→ EXERCISE INSTRUCTIONS
Word for word, restate the lines of the listing below from the line with "An infographic that" through the line with "High quality 4-7inch", and do not include the pictures.

→ DATA FOR THE TASK
▬▬▬▬▬▬
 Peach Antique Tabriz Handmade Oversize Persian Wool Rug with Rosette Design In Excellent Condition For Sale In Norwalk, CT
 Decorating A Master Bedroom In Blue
▬▬▬▬▬▬
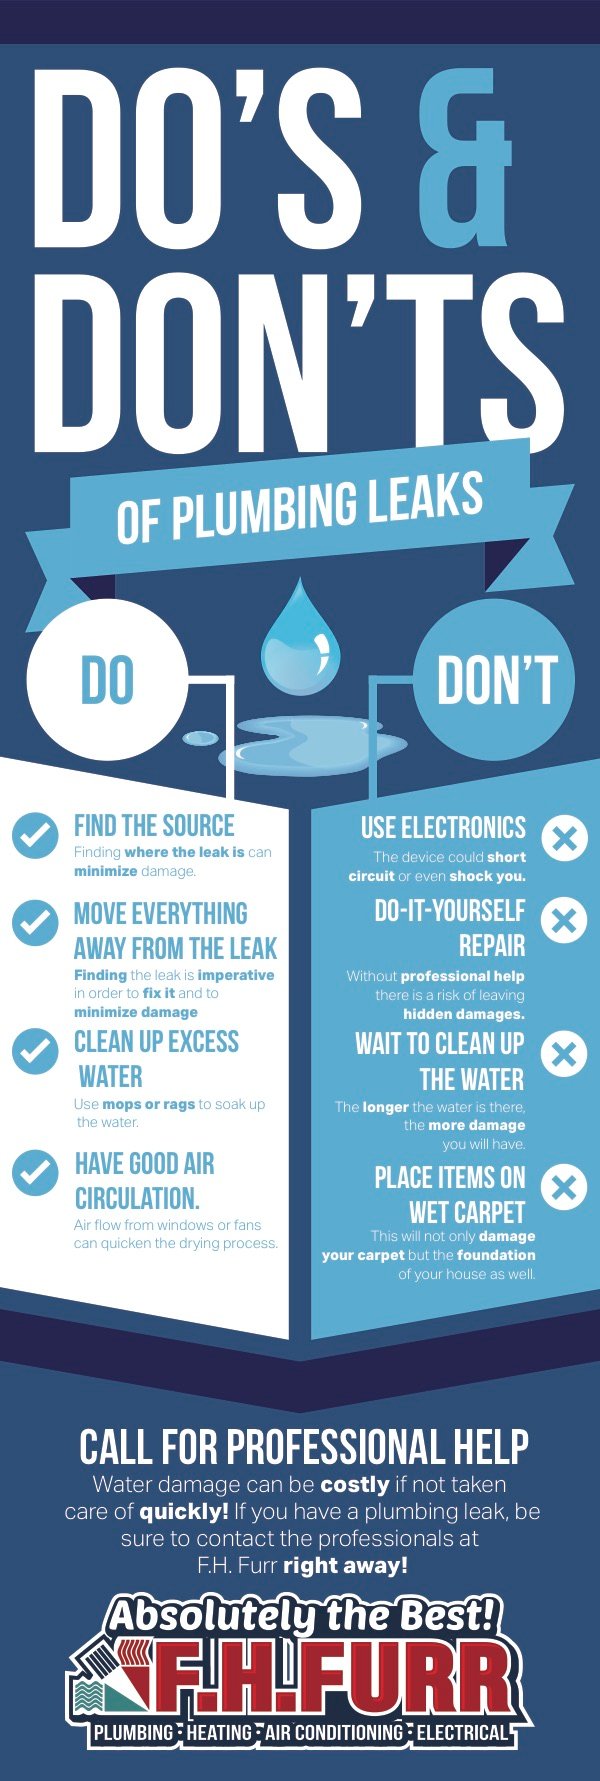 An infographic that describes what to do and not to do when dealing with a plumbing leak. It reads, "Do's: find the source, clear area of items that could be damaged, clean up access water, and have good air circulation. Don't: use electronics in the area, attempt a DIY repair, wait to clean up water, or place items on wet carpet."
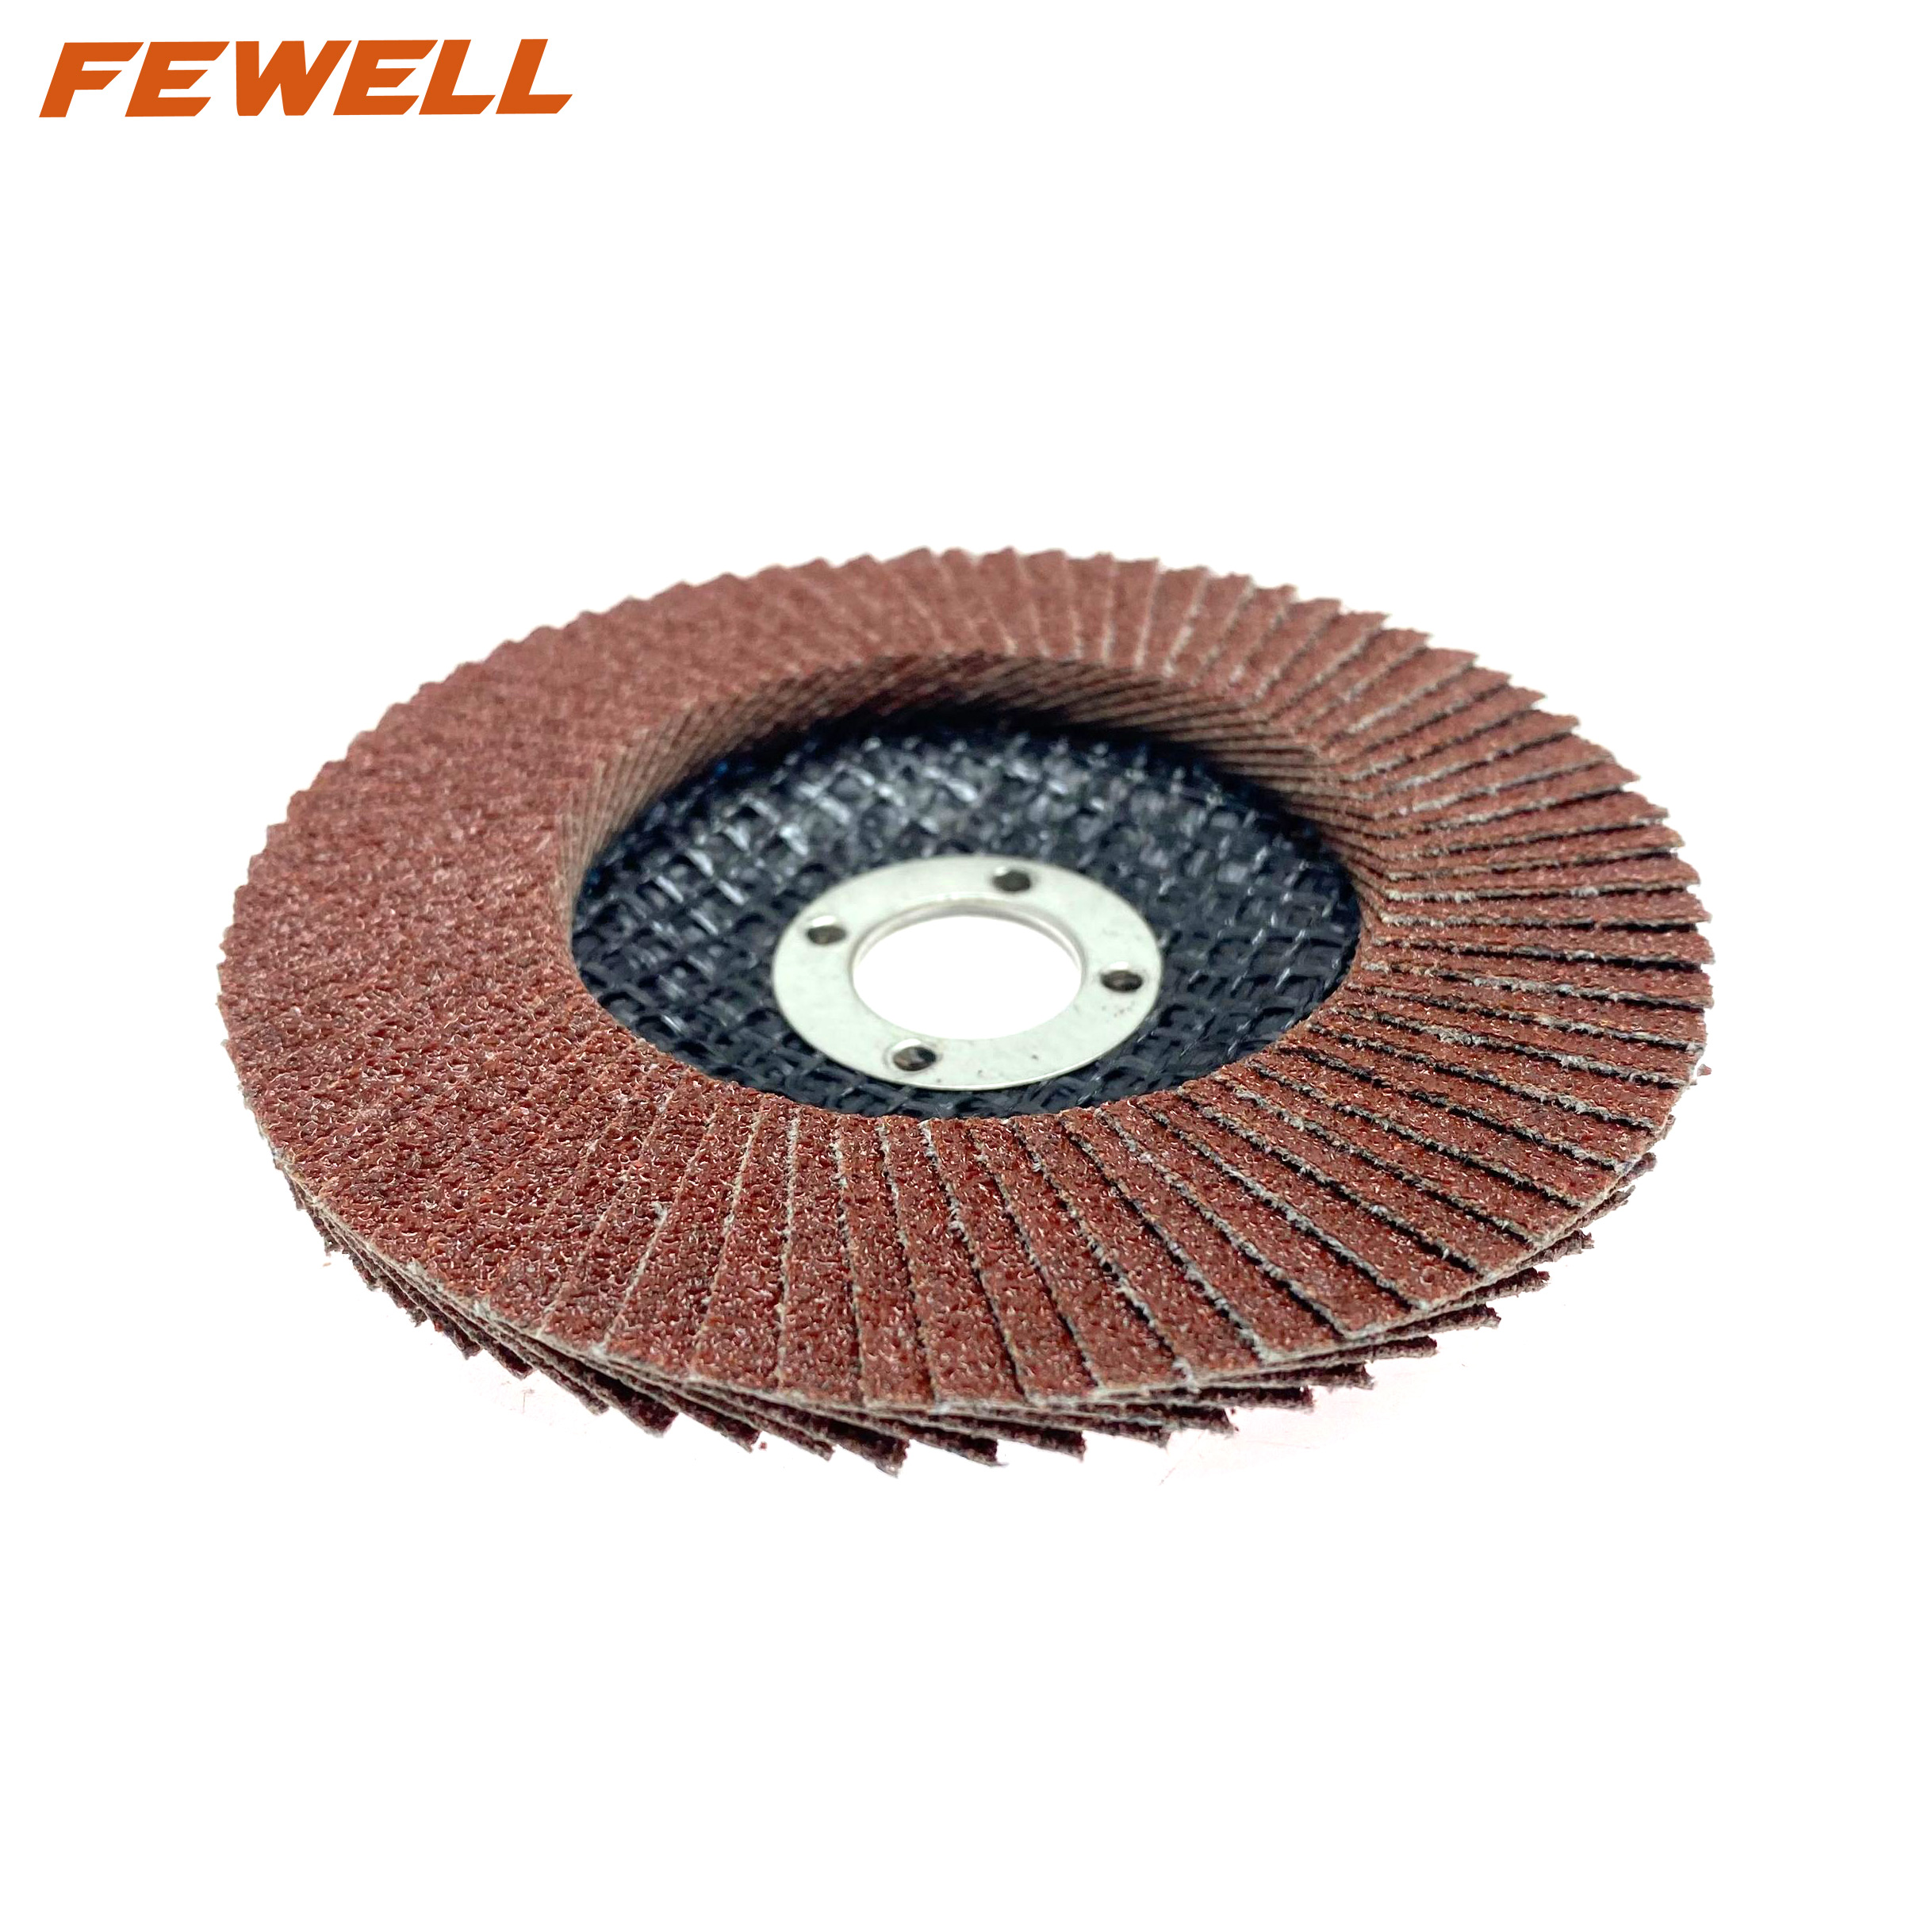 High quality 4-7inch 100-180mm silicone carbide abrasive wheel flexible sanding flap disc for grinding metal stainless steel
▬▬▬▬▬▬
→ ANSWER BOX
 An infographic that describes what to do and not to do when dealing with a plumbing leak. It reads, "Do's: find the source, clear area of items that could be damaged, clean up access water, and have good air circulation. Don't: use electronics in the area, attempt a DIY repair, wait to clean up water, or place items on wet carpet."
 High quality 4-7inch 100-180mm silicone carbide abrasive wheel flexible sanding flap disc for grinding metal stainless steel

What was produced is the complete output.